• Work to complete
Using the entries below, write out the line with "紅葉を眺めながら過ごせる和室 You can", the line with "SPX Chart Beispiel Tages- und Wochenanalyse", and every line in between, exactly as each is written.

• Data to examine
______

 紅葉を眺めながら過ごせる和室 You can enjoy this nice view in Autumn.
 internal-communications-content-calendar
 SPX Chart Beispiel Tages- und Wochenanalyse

______

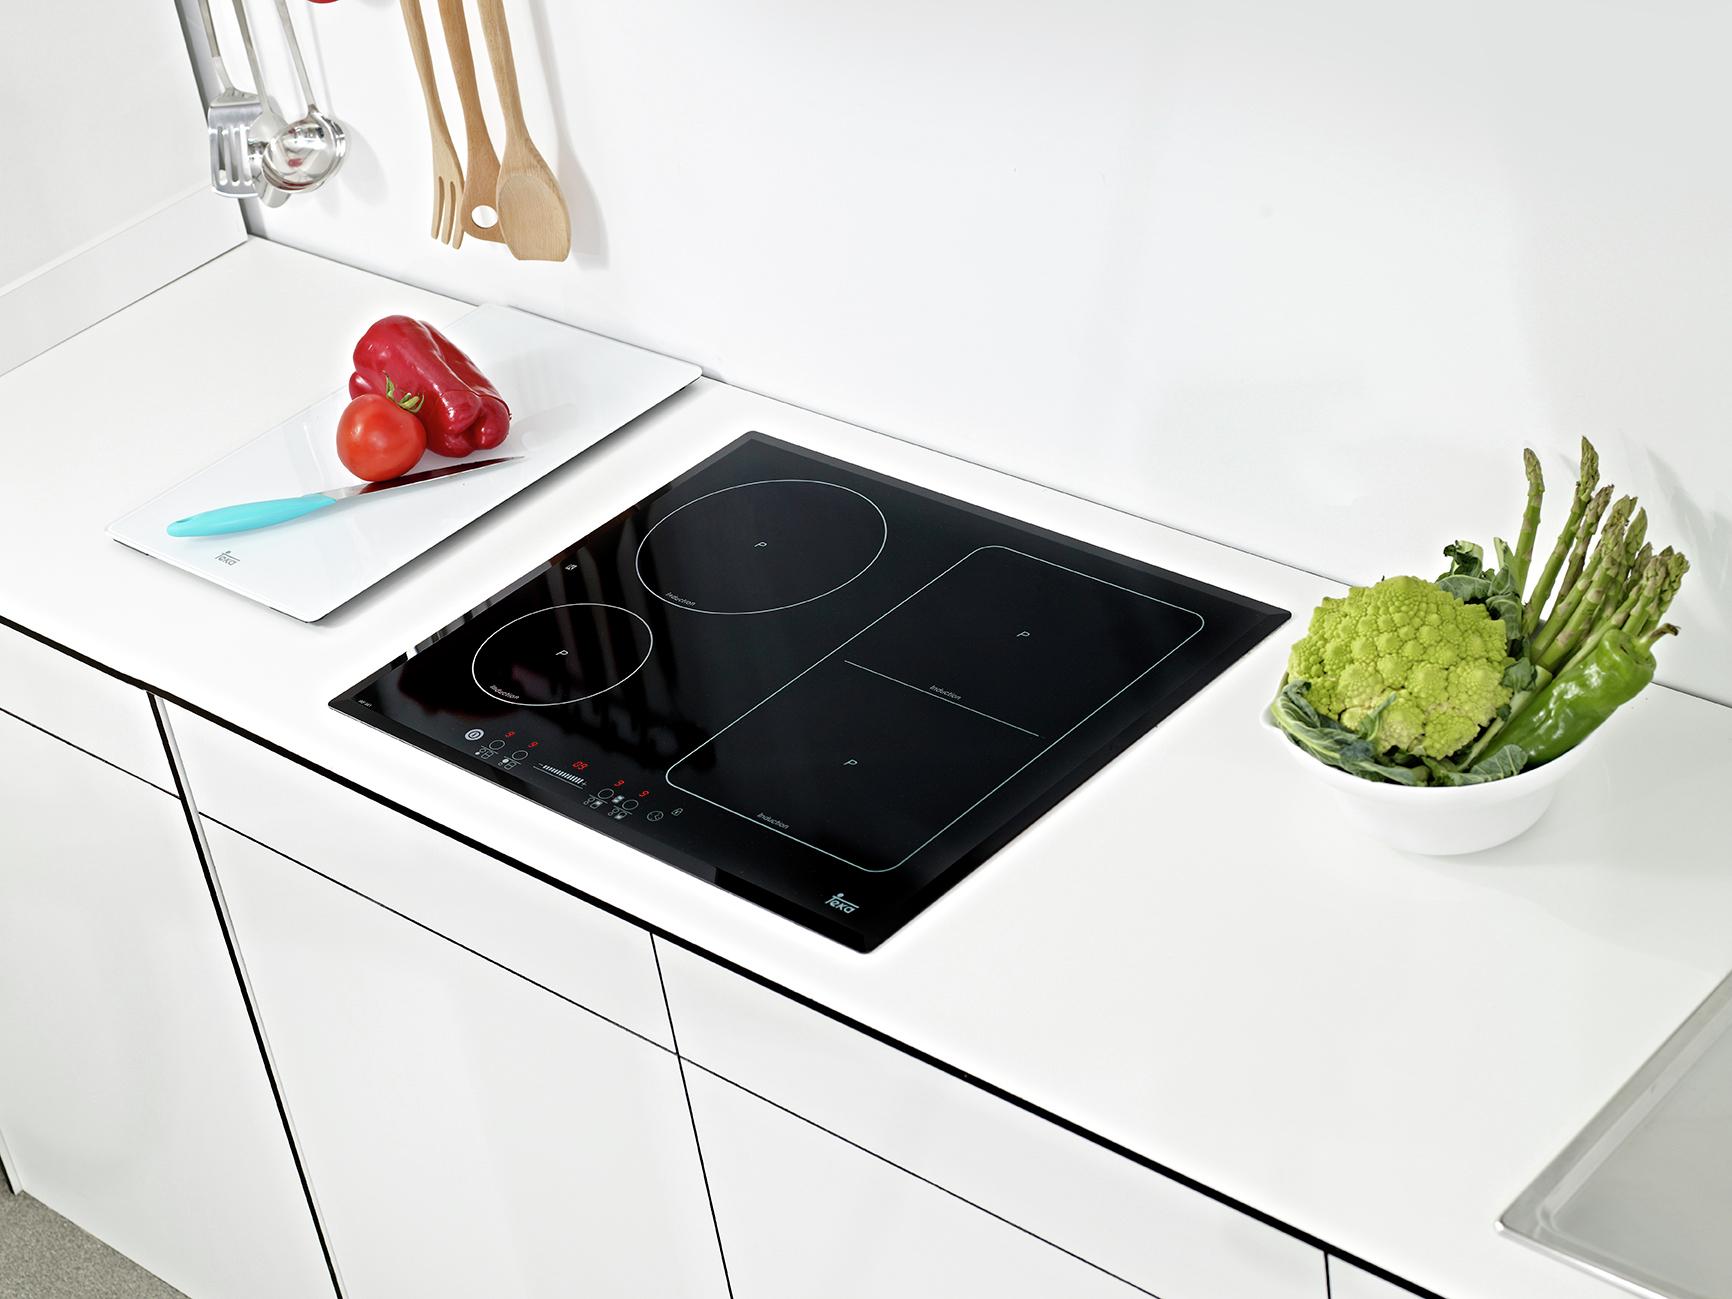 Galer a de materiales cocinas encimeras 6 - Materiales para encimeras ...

______

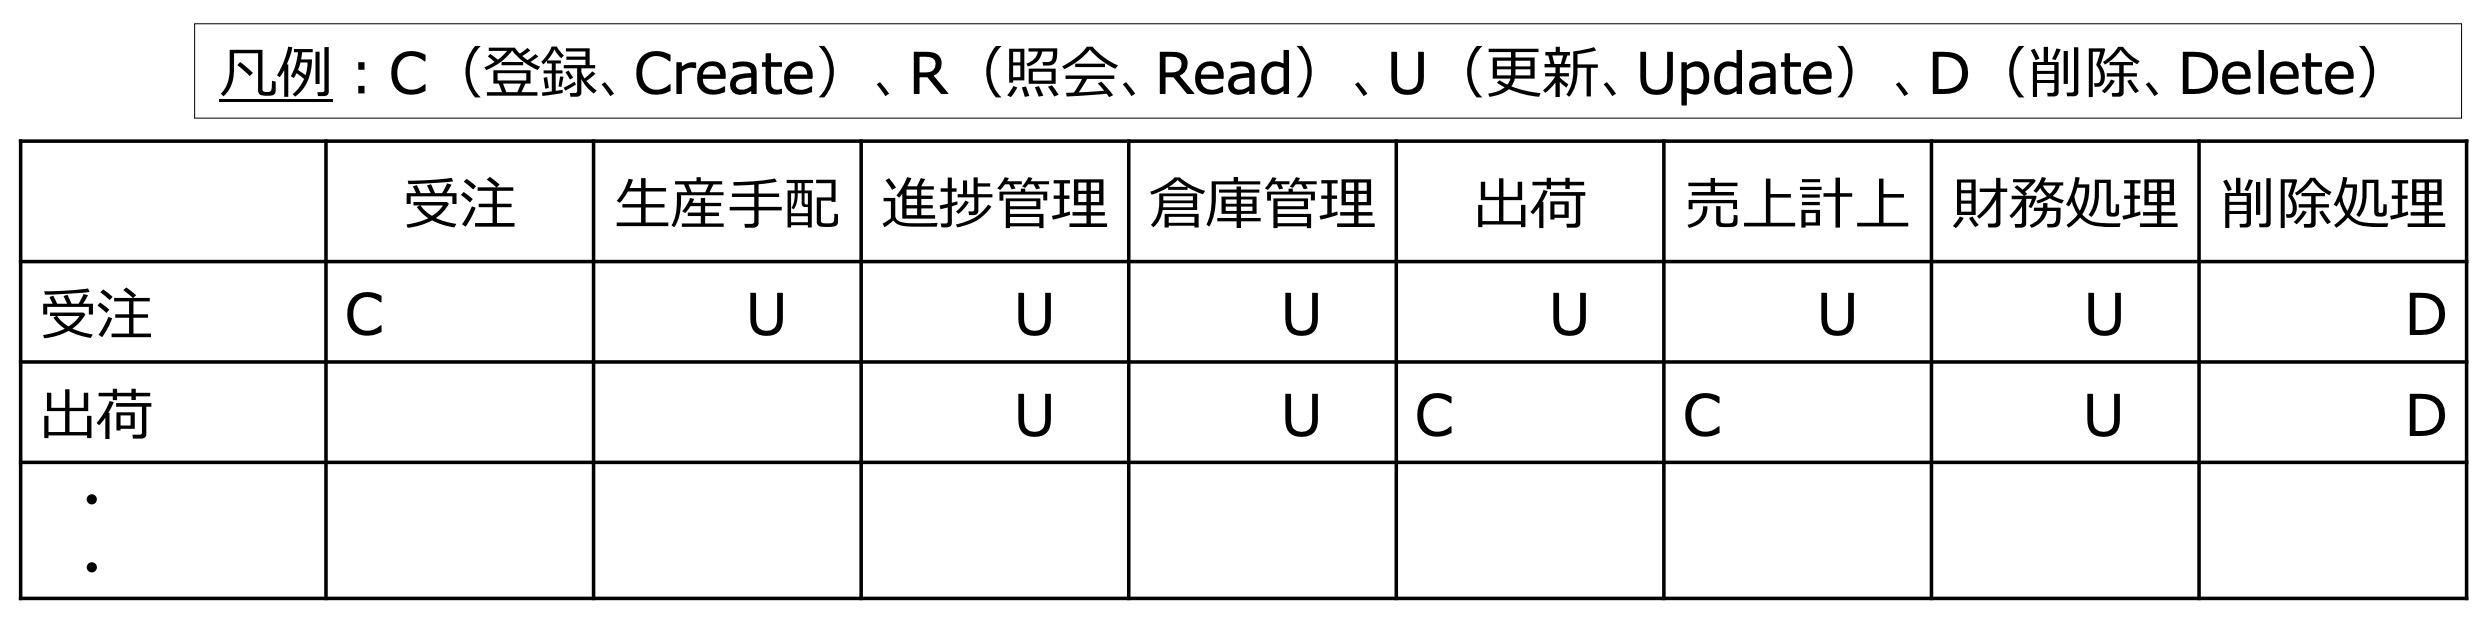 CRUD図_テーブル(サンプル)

______

• Problem solution
 紅葉を眺めながら過ごせる和室 You can enjoy this nice view in Autumn.
 internal-communications-content-calendar
 SPX Chart Beispiel Tages- und Wochenanalyse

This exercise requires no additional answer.